TASK OBJECTIVE: From the data below, return only the lines from the one with "Quick Dry Fitness" through the one with "Verke Stock Photo", exact and inclusive, with pictures left out.

INFORMATION SHOWN:
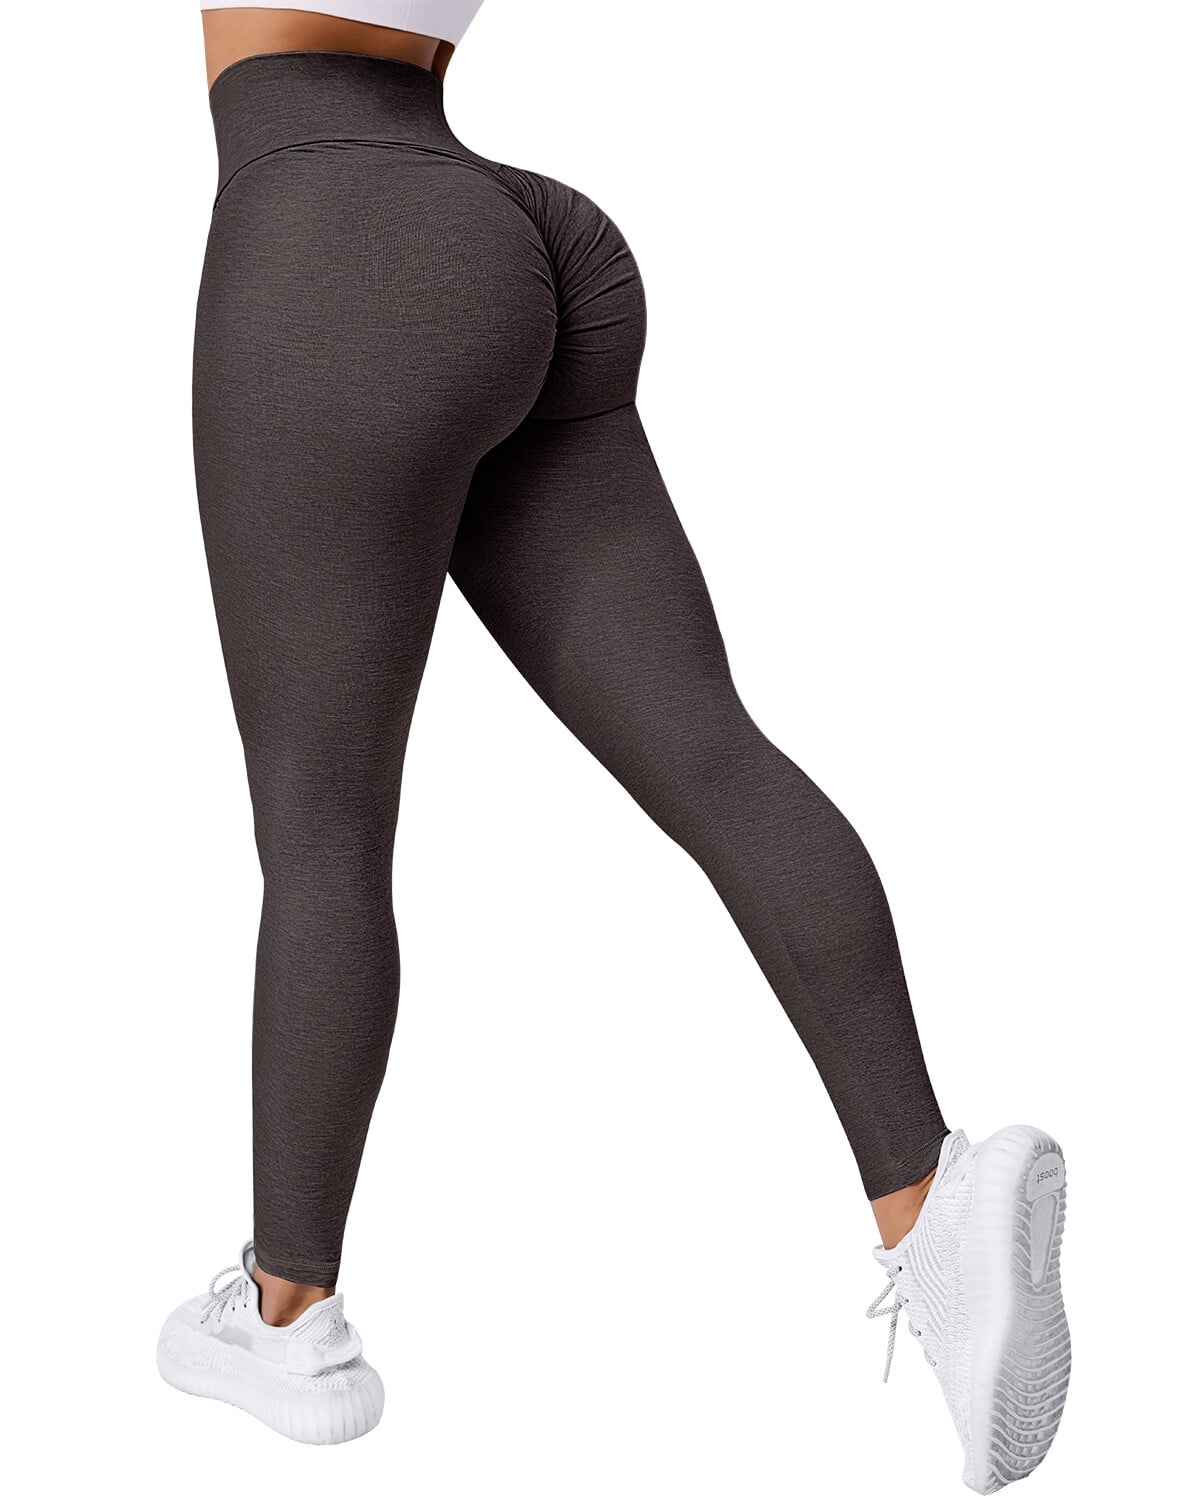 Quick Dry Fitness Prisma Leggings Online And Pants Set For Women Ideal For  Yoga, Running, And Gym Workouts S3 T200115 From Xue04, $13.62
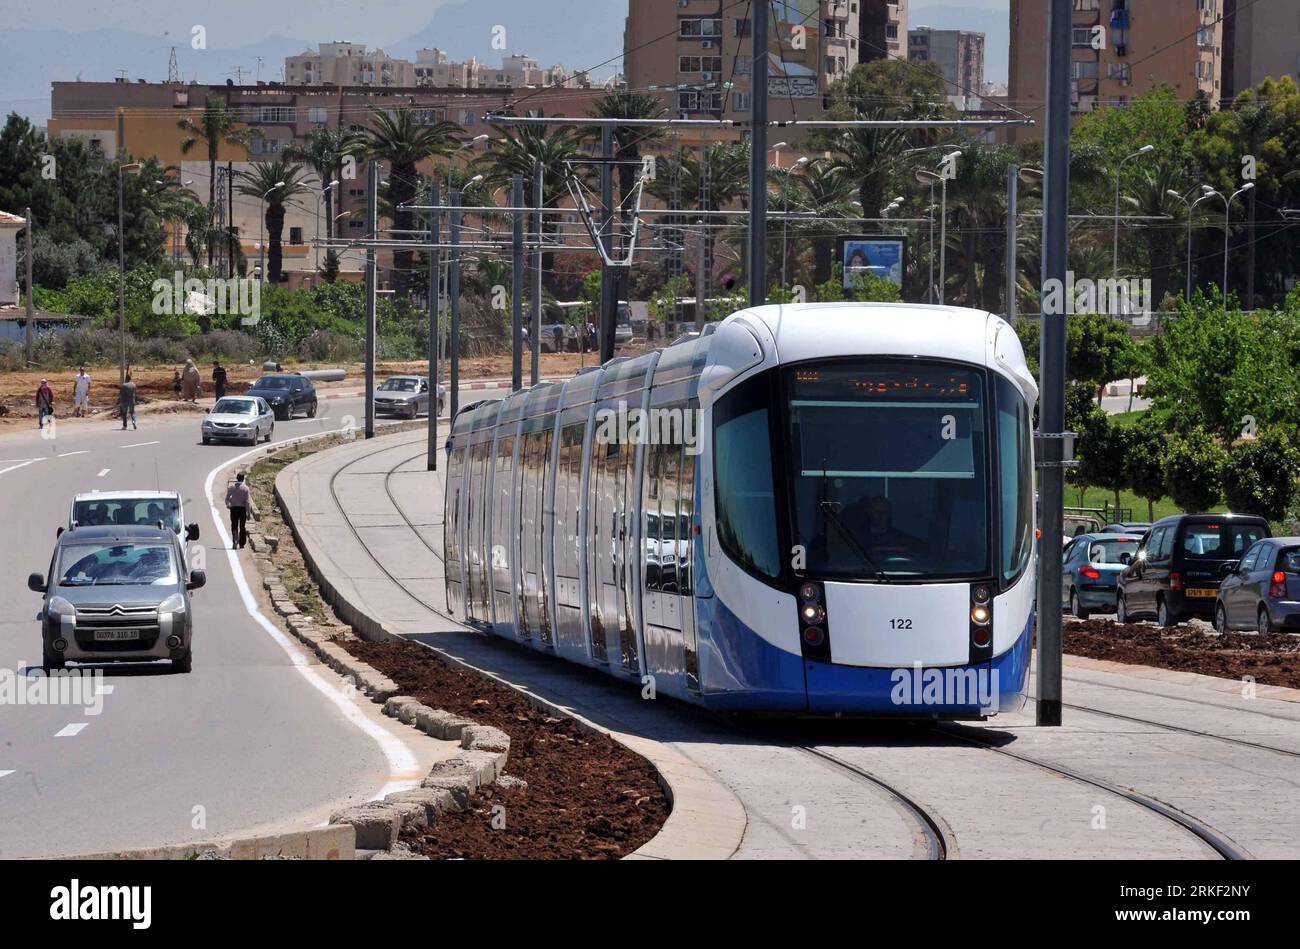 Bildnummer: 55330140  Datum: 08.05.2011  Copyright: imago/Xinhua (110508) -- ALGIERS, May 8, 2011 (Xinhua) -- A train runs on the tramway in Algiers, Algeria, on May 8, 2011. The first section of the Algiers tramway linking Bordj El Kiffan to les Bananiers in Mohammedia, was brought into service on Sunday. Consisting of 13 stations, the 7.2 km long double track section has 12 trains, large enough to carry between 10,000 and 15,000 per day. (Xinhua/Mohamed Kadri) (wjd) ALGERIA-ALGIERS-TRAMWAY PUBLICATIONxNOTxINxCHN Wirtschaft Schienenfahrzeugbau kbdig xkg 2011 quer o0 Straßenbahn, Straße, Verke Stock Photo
...
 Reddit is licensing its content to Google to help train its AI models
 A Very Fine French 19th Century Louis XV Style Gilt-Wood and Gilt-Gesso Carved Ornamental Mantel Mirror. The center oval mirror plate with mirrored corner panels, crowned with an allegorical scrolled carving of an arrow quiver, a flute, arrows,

TASK RESPONSE:
 Quick Dry Fitness Prisma Leggings Online And Pants Set For Women Ideal For  Yoga, Running, And Gym Workouts S3 T200115 From Xue04, $13.62
 Bildnummer: 55330140  Datum: 08.05.2011  Copyright: imago/Xinhua (110508) -- ALGIERS, May 8, 2011 (Xinhua) -- A train runs on the tramway in Algiers, Algeria, on May 8, 2011. The first section of the Algiers tramway linking Bordj El Kiffan to les Bananiers in Mohammedia, was brought into service on Sunday. Consisting of 13 stations, the 7.2 km long double track section has 12 trains, large enough to carry between 10,000 and 15,000 per day. (Xinhua/Mohamed Kadri) (wjd) ALGERIA-ALGIERS-TRAMWAY PUBLICATIONxNOTxINxCHN Wirtschaft Schienenfahrzeugbau kbdig xkg 2011 quer o0 Straßenbahn, Straße, Verke Stock Photo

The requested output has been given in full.